La surveillance des frontières selon Thalès : « La sûreté intérieure dépend également d’une surveillance des frontières efficace et efficiente, qui soit à même d’identifier les intrusions dangereuses ou non souhaitées, de les évaluer en temps réel, et de les intercepter lorsque nécessaire. Thales propose des solutions sur mesure tenant compte des caractéristiques de la frontière, du pays, des menaces. » (Thalès Group)

Depuis 1948, on totalise plus de 5.200.000 Palestiniens réfugiés et 800.000.déplacés. La Palestine c’est un quotidien d’expropriation, d’occupation et d’accaparement des ressources, un quotidien sans liberté de circulation et d’humiliation quotidienne.

09h50 L’émission se termine brusquement à 5 minutes de son objectif lorsque les policiers s’emparent des micros de Radio Panik. Les invitations à sortir se transforment rapidement en une cohue où les policiers empoignent les bras des Camilles. « Violence policière , crie camille, vous me faites mal ». Des cris pour protester et se défendre. Deux Camilles attachées ensemble par un armlock sont traînées à même le sol vers la sortie. Tout le monde sort. The job is done pour les policiers.

Depuis fin mars, 132 Palestiniens ont été tués et 14.000 blessés graves ont été dénombrés (CICR). Médecins Sans Frontières dénonce « un niveau extrême de destruction des tissus et des os, et des orifices de sortie de balles démesurées, qui peuvent avoir la taille d’un poing. »

« Viser pour blesser ; et blesser pour ne pas tuer », telle est la consigne donnée aux snipers israéliens. En effet, ces « tireurs d’élite » sont formés et équipés pour que leurs tirs laissent à leurs victimes palestiniennes de lourdes séquelles ; séquelles que ces Palestiniens, en plus des dommages psychologiques amoncelés, garderont à vie.

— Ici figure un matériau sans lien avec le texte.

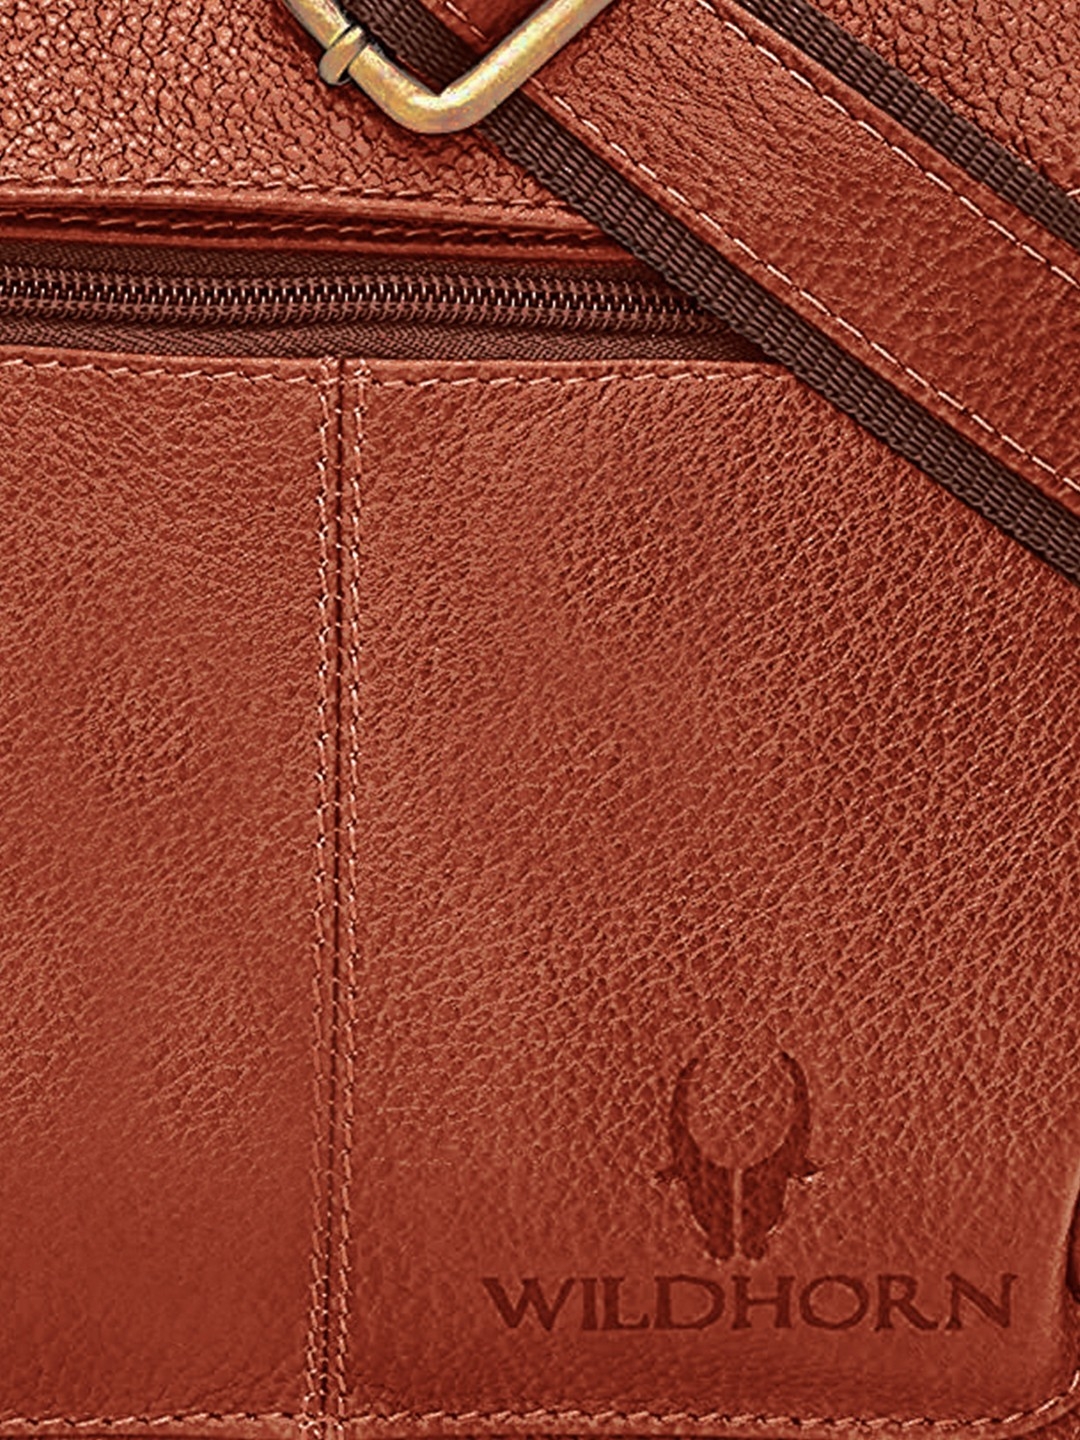 WildHorn | WildHorn Tan Classic Leather Adjustable Strap Sling Bag for Men  4

 10h20 Après avoir quitté ce lieu impossible, le groupe se retrouve autour d’un café pour commenter les faits. Nous avions une heure pour dénoncer, notre objectif est réussi. Une faible victoire face à l’hypocrisie de la Belgique et de l’Union Européenne envers le respect des droits humains, une hypocrisie où les partenariats économiques, politiques, académiques se poursuivent entre l’Union Européenne et l’État d’Israël, où sans scrupules, les entreprises d’armements continuent à proliférer en faisant de leur efficacité un argument de vente.

Une bien faible victoire certes… mais c’est avec fierté que nous nous dispersons, prêt.e.s à débuter cette nouvelle semaine.